Explore the best payment solutions for small businesses, including card payments, invoices, payment links, QR codes and branded payment pages.
Payment Solutions for Small Business: Get Paid Online Faster

Payment Solutions for Small Business: How to Get Paid Faster Without Extra Admin

Getting paid should be one of the simplest parts of running a small business. A customer agrees to buy from you; you send them the amount; they pay; and the job moves forward.

In reality, it is often not that smooth.

Some customers want to pay by card. Some ask for an invoice. Some want a quick link they can open on their phone. Some are ready to pay now, but the only option you give them is a bank transfer with account details they need to copy manually. That small bit of friction can turn a ready-to-pay customer into another follow-up message.

That is why choosing the right payment solution for your small business matters. It is not just about taking payments. It is about making payment clear, fast, professional and easy for the customer, while reducing the time you spend chasing, checking and explaining.

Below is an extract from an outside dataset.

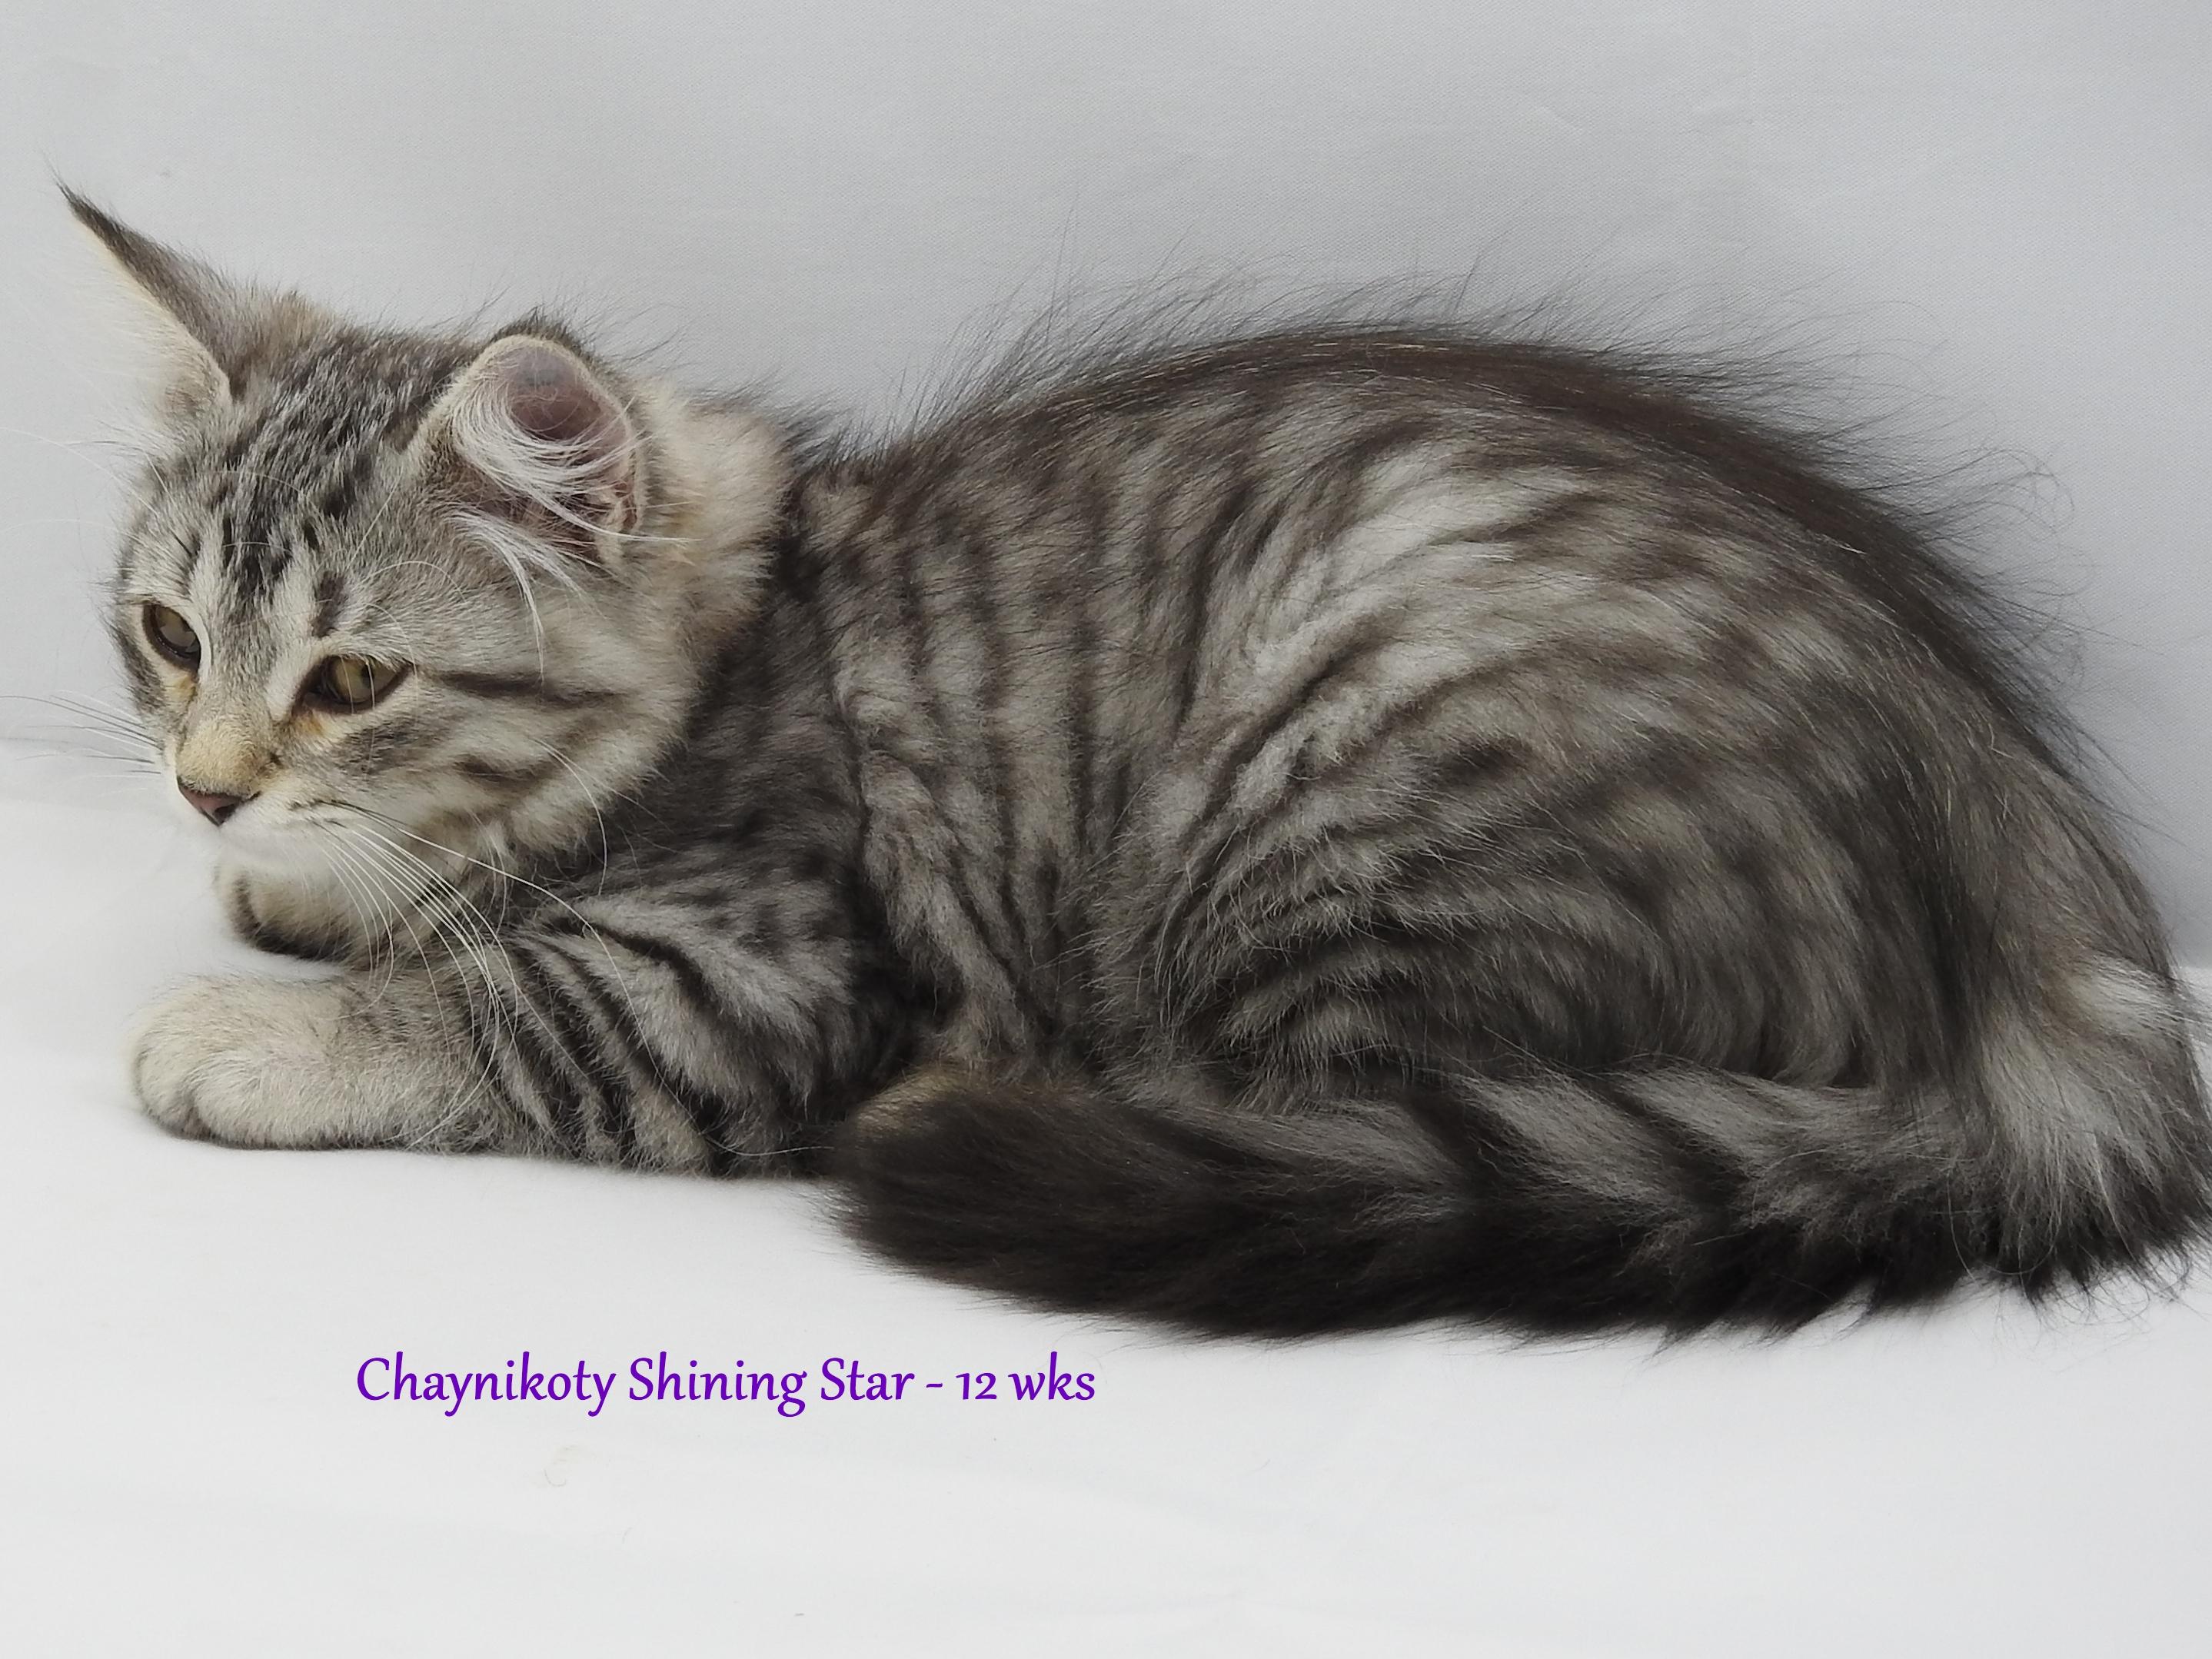 Chaynikoty Shining Star - 12 wks

UK payment behaviour has continued to move towards cards, contactless and digital payment options. UK Finance reported that in March 2026, contactless payments accounted for 66% of all UK credit card transactions and 75% of debit card transactions. UK Finance also notes that cash payments continued to decline in 2024 in favour of card payments, especially contactless debit card payments.

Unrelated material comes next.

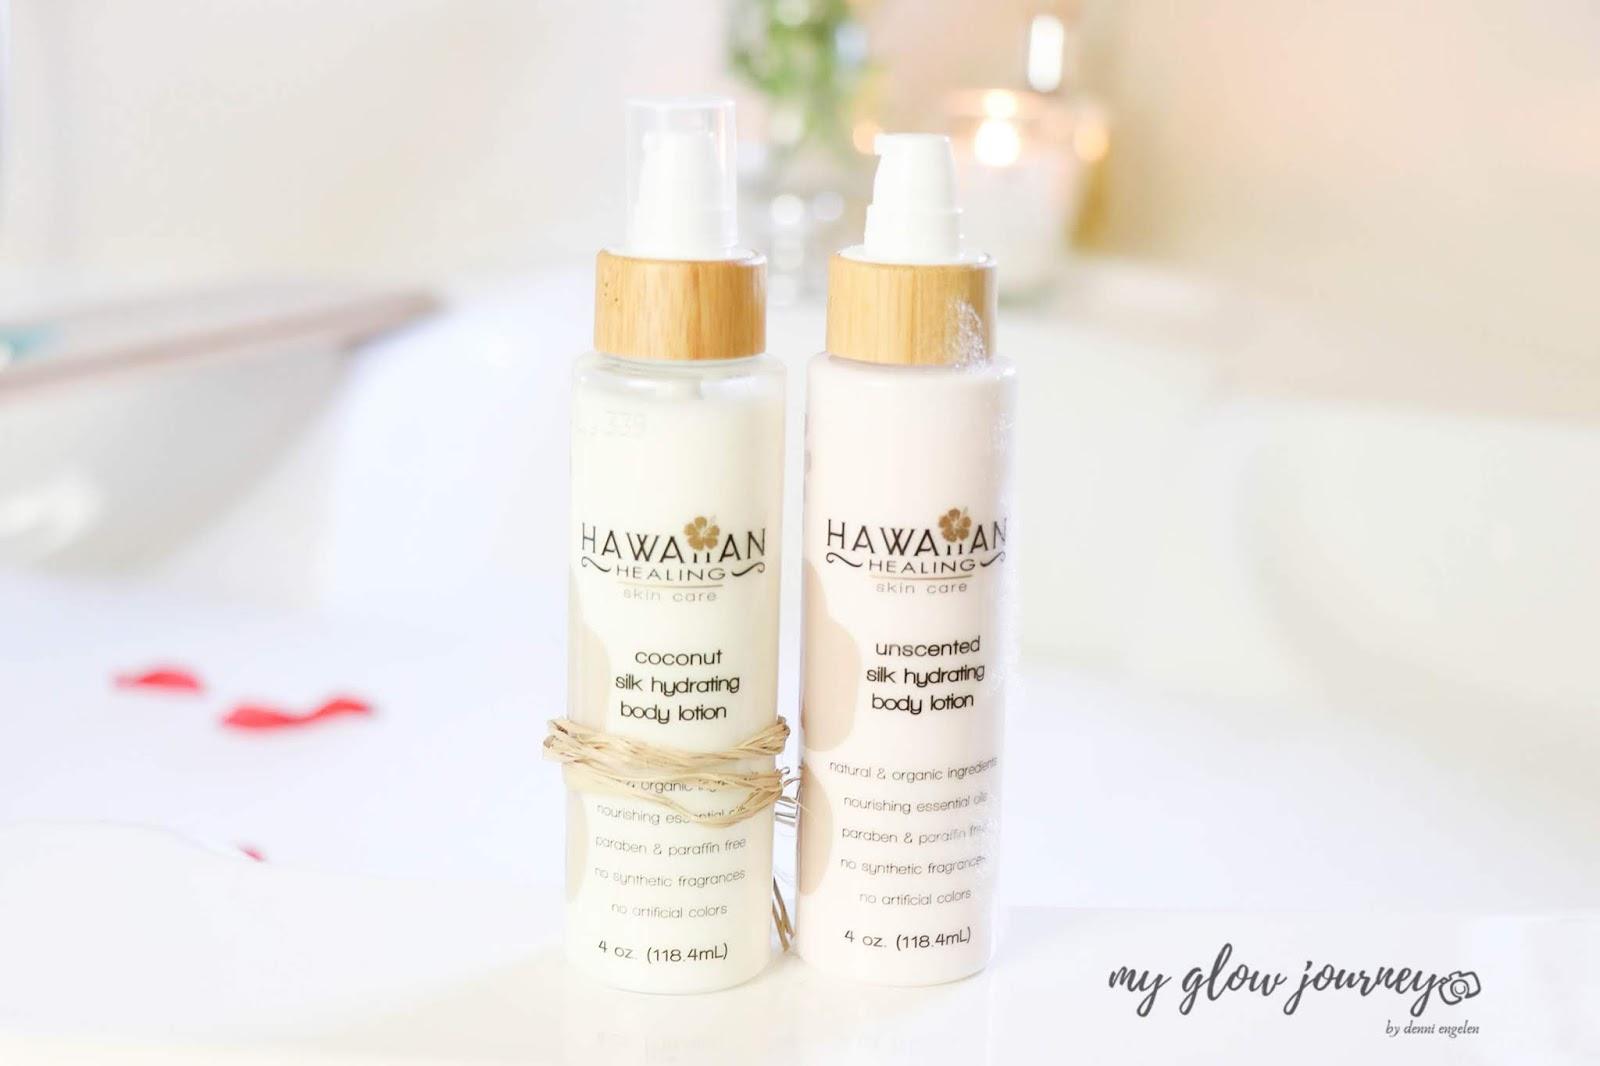 Hawaiian Healing Silk Hydrating Body Lotion

For small businesses, the message is simple: customers expect convenient ways to pay. If your payment process feels slow, unclear or outdated, you may still get paid, but it can take longer than it should.

What is a payment solution for a small business?

A payment solution is any system, tool or process that helps your business collect money from customers.

That could include:

The best payment solution is not always the biggest or most complicated one. For many small businesses, the right solution is the one that fits the way they actually sell.

A coffee shop may need a card reader and contactless payments. A freelance designer may need payment links for deposits and project balances. A tutor may need a simple page where parents can pay for lessons. A print shop may need itemised payment requests before starting custom work. A tradesperson may need a fast way to collect a balance once a job is complete.

The right payment setup should match your business model, not force you into a system designed for a completely different type of business.

Why small businesses need more than one way to get paid

Small businesses often deal with different types of payment situations.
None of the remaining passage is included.